Each year DYG surveys Americans’ attitudes throughout the year, and they have just presented their most recent findings. And, yes, they did find that we are a deeply divided country on many issues. But they also found–and this is the key–that some shared values are far more extensive than our polarized opinions.

First of all, DYG reports that Americans overwhelmingly describe themselves as patriotic (65 percent) and willing to make sacrifices for their country (68 percent). We also are self-confident (65 percent) and respect individualism. Sixty-five percent strongly agreed with the statement: “When making choices I like to go my own way and not necessarily do what others are doing, ” and 64 percent agreed with: “I like to think of myself as off the beaten path.” I guess many among us see Bush’s go-it-alone-when-necessary attitude as not only acceptable but admirable.

We also say we are hardworking (81 percent) and respect those who lead productive lives. We are also very religious (64 percent), which may be the hardest thing for those in the media to understand. Sixty percent agreed, “A person cannot be truly fulfilled without a spiritual aspect to their lives.” Many feel quite strongly about the importance of religion, with 48 percent saying a “return to more traditional principles” would improve things “a lot” in America, and 45 percent wanting a “greater role for religion in American society.” I think the Bush’s campaign’s astute understanding of the importance of religion in many Americans lives cannot be underestimated.
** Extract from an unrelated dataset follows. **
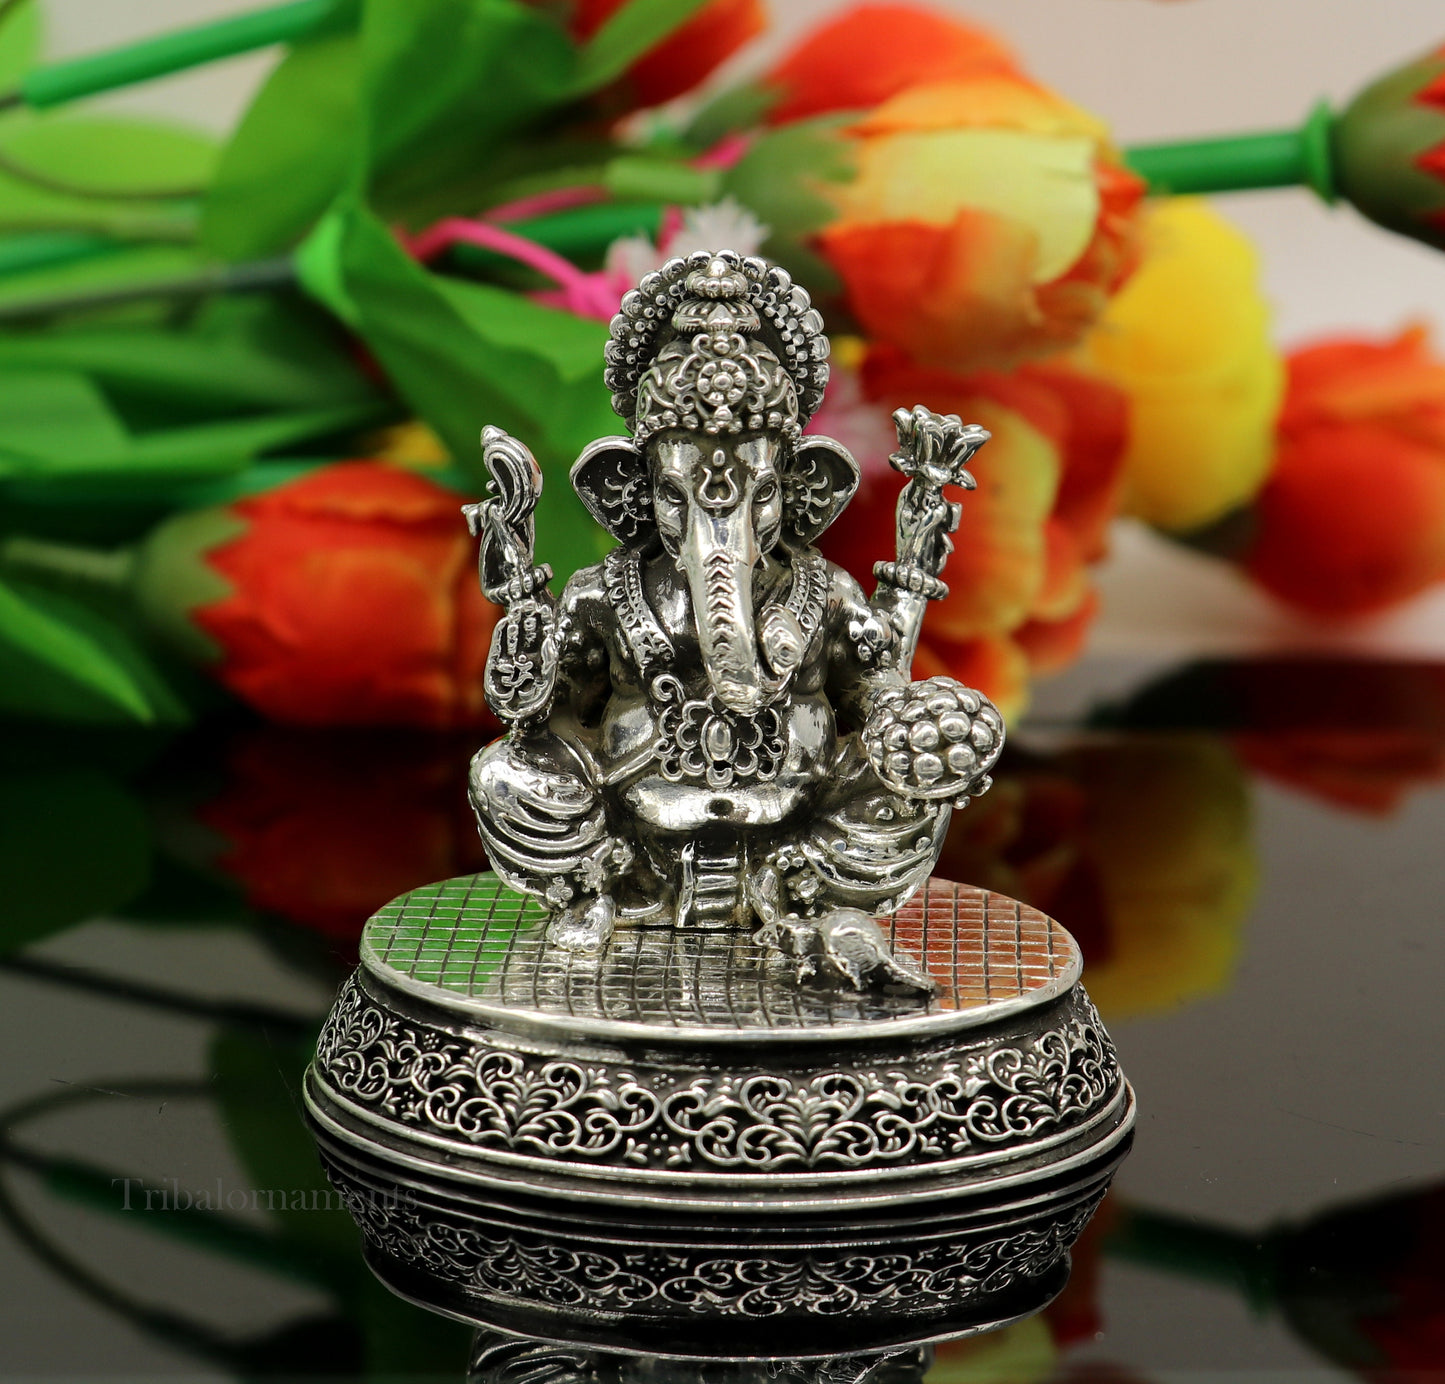 925 Sterling silver Lord Ganesh Idol, Pooja Articles, Silver Idols Figurine, handcrafted Lord Ganesh statue sculpture gifting art art218 - TRIBAL ORNAMENTS
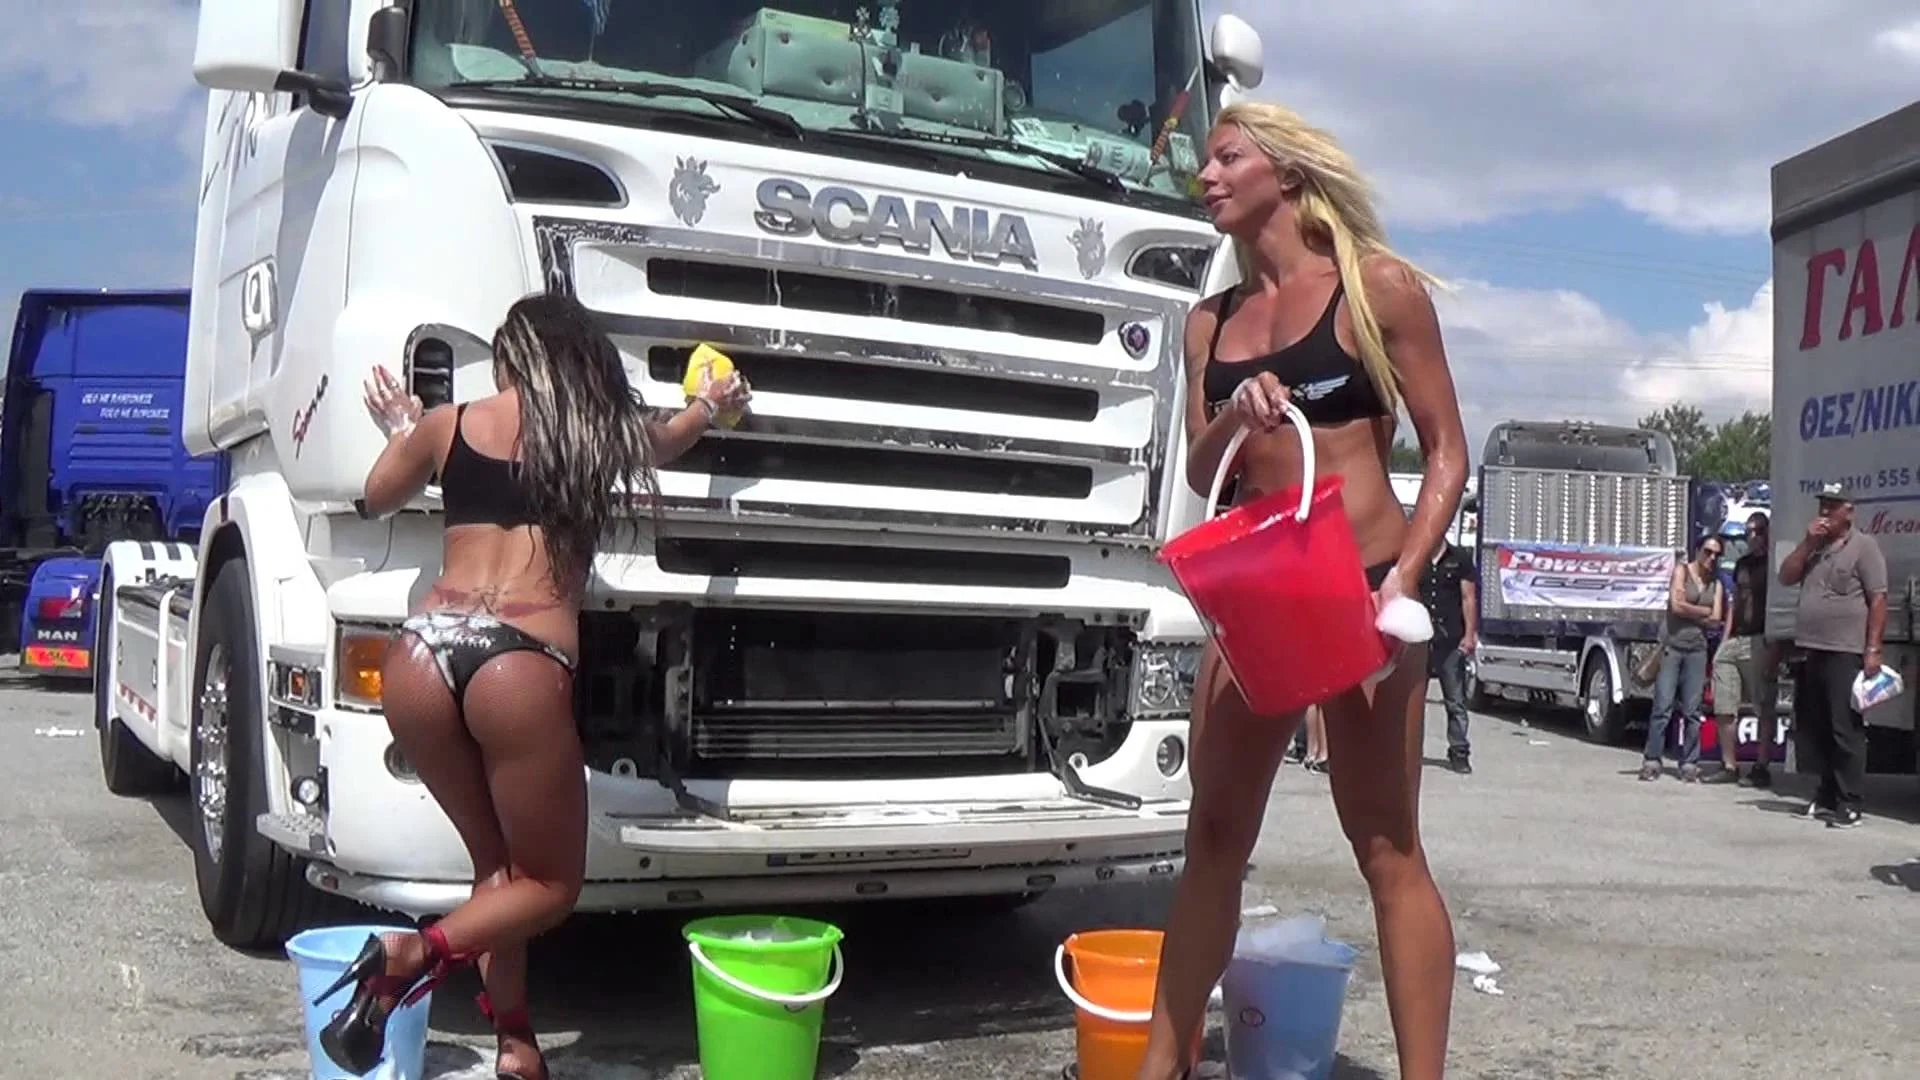 Truck Wash Gikas Scania the brunette girl is really cute sexy

We are very family-centered, too, with 72 percent agreeing that “once you have a child your own needs come second.” In the last days of the election, commentators began discounting the Security Moms. But they are there, especially when 86 percent of women describe themselves as family focused and concerned about their children’s welfare.

I know we will be hearing analysis of why and how the president pulled it off for months to come. I think the DYG Scan shows he did so well because he connected with voters on a very basic level, especially those voters in the red states. They felt he both understood and shared their values.

A couple other interesting DYG findings: Americans accept diversity of lifestyles (59 percent) and believe America is better off when cooperating with other countries (74 percent). During the last campaign, George Bush told us that he was a “compassionate conservative.” I think he truly is and so are most Americans. Now he has the mandate during the next four years to express that attitude through his policies and actions, and by doing so, he will be truly reflecting most Americans.

One final election note: An e-mail I received from a friend in Arizona early Wednesday morning: “Thank you, God. Thank you. Now all we have to worry about is Hillary in four years!”

Maybe not with that electoral-college map–and our shared values.

Myrna Blyth, former long-time editor of Ladies Home Journal and founding editor of More, is author of Spin Sisters: How the Women of the Media Sell Unhappiness–and Liberalism–to the Women of America. Blyth is also an NRO contributor.